## Information provided
=== Begin Enclosure ===
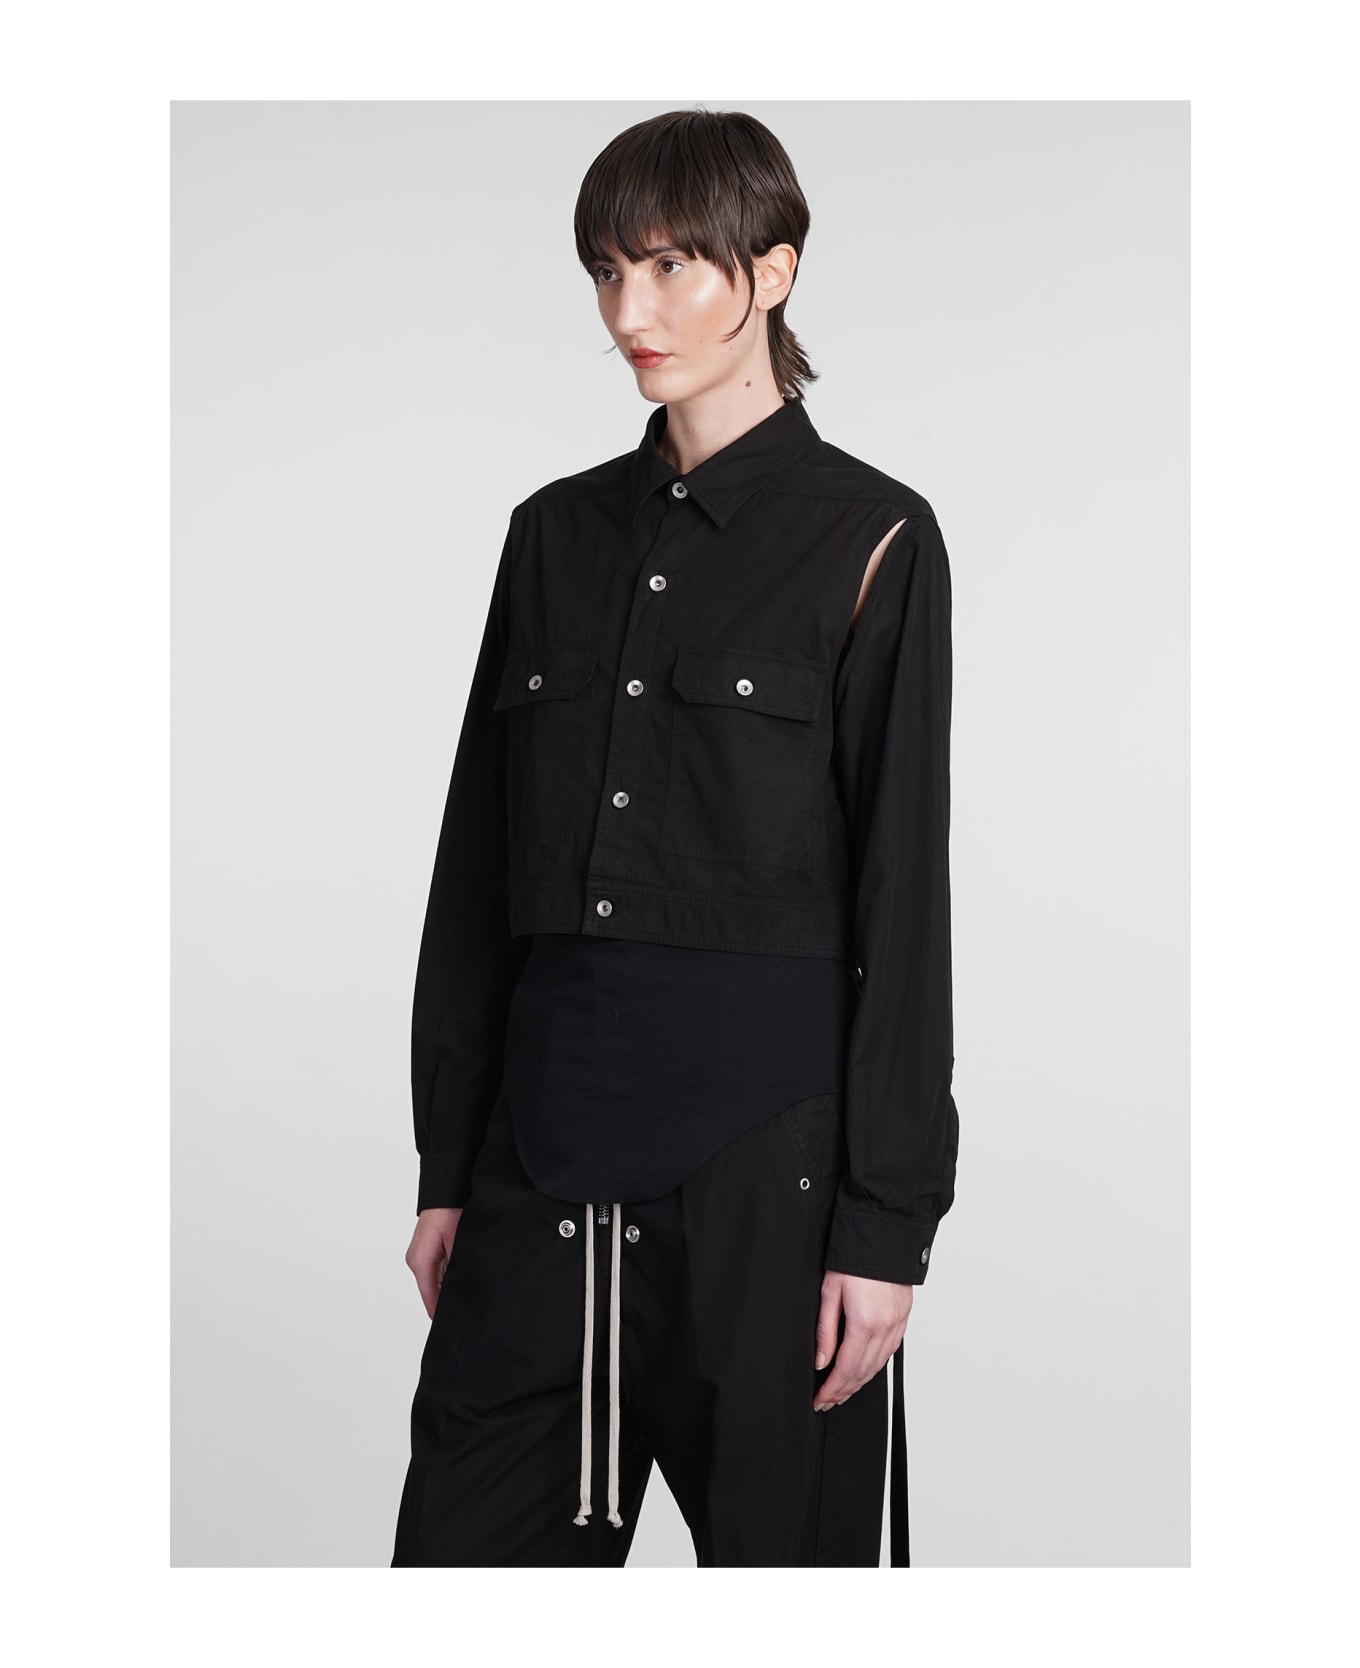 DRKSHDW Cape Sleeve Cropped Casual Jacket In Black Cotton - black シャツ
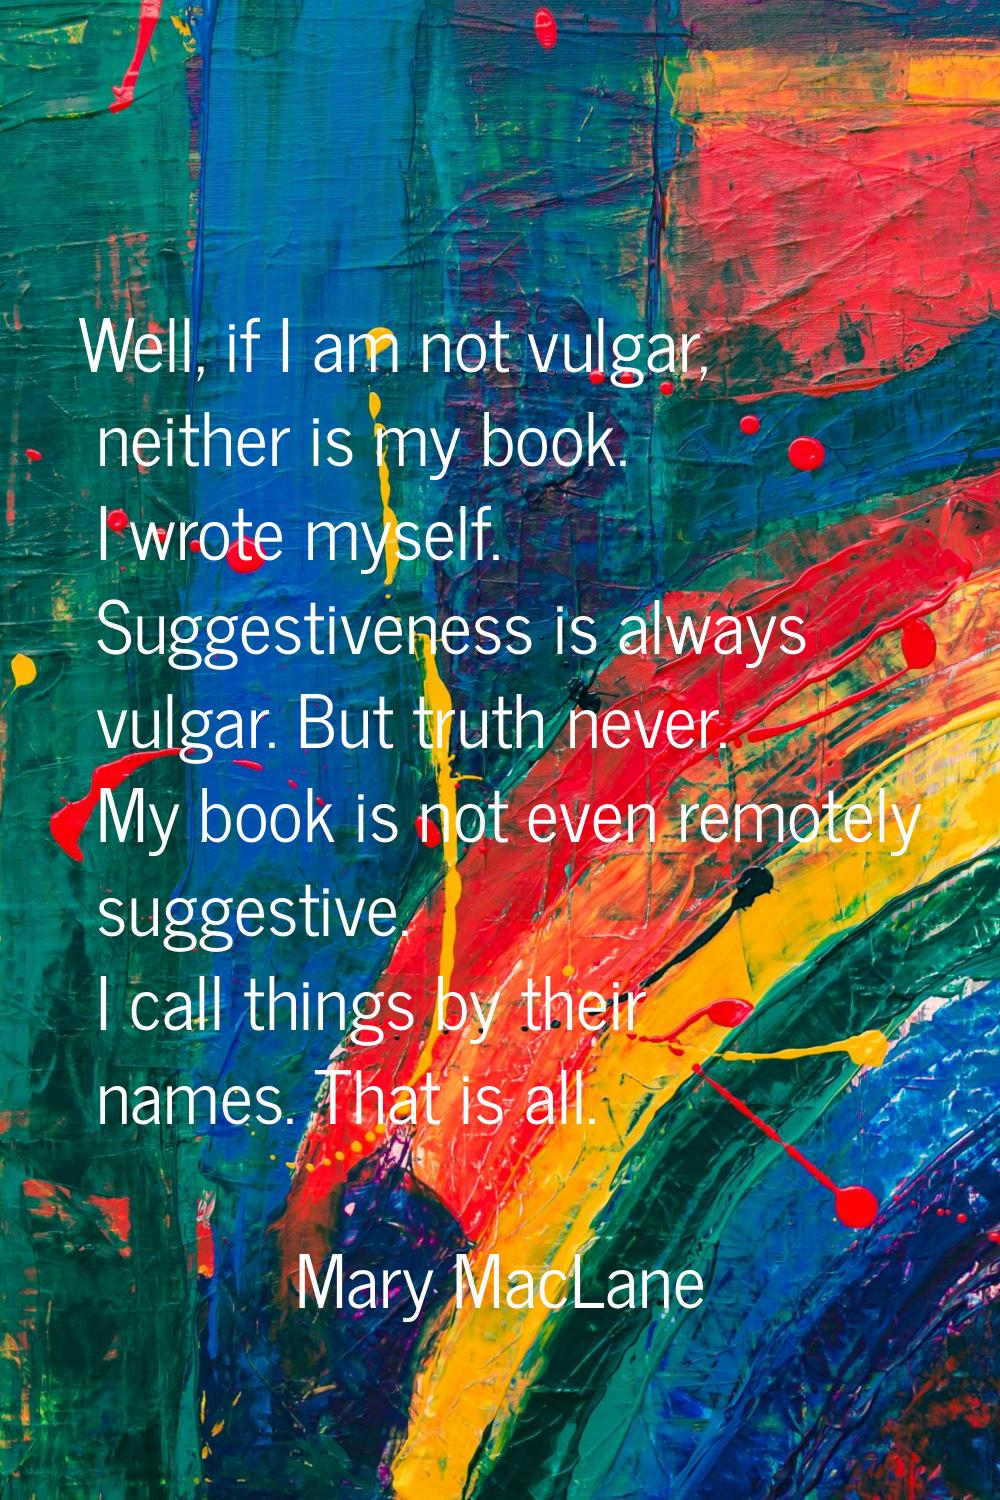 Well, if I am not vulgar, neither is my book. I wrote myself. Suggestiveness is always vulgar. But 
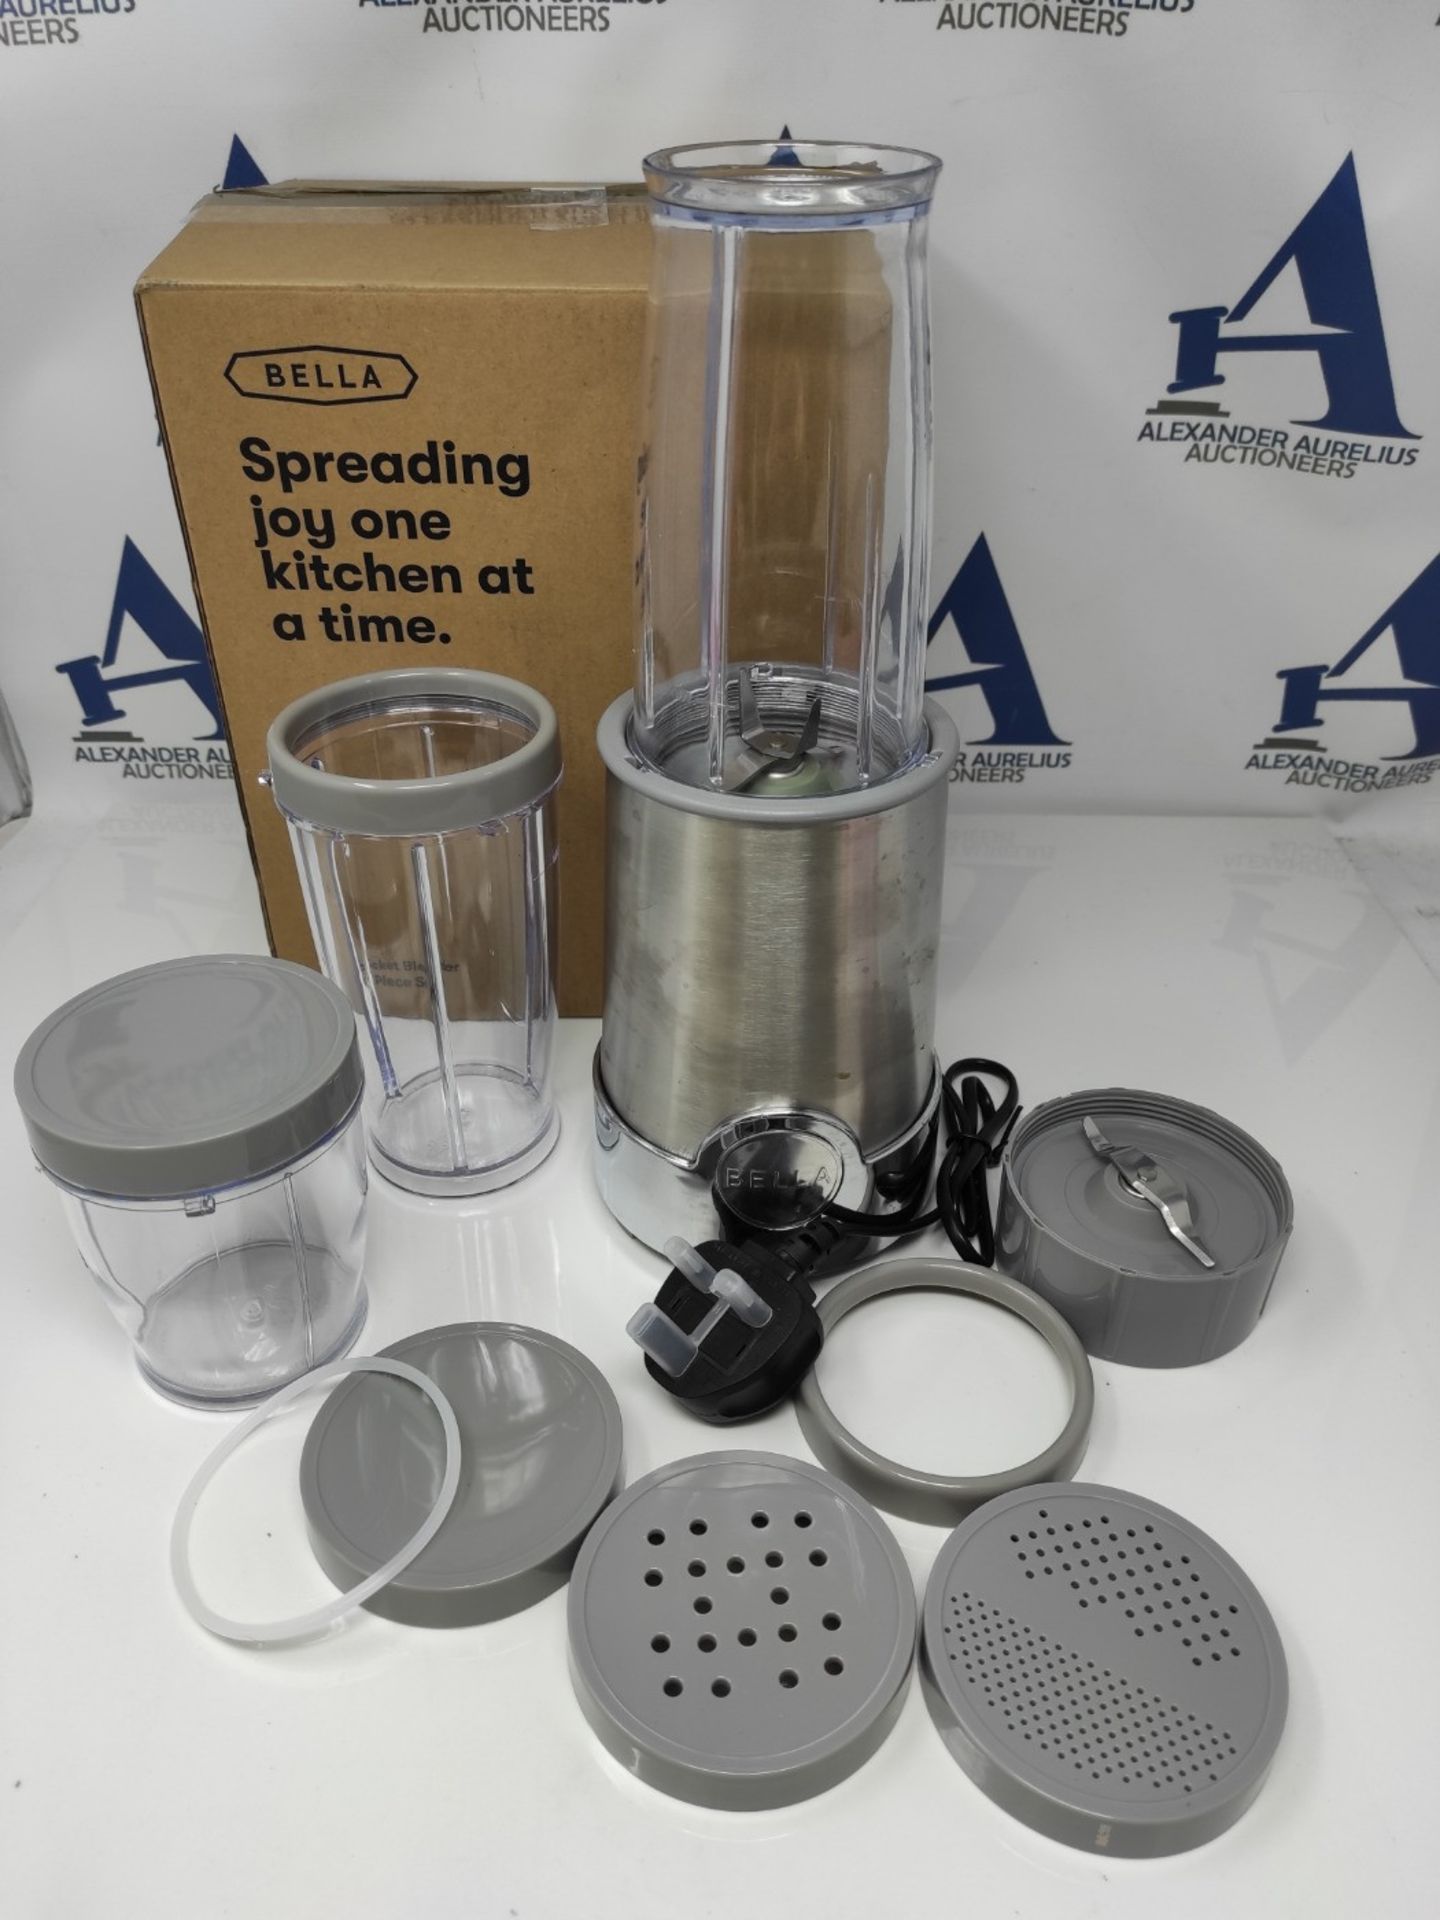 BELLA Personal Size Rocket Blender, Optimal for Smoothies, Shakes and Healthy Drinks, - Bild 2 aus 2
=== End Enclosure ===
## What the task asks
Pictures are to be omitted; otherwise, write out the data exactly as it appears.

## Worked solution
 DRKSHDW Cape Sleeve Cropped Casual Jacket In Black Cotton - black シャツ
 Well, if I am not vulgar, neither is my book. I wrote myself. Suggestiveness is always vulgar. But 
 BELLA Personal Size Rocket Blender, Optimal for Smoothies, Shakes and Healthy Drinks, - Bild 2 aus 2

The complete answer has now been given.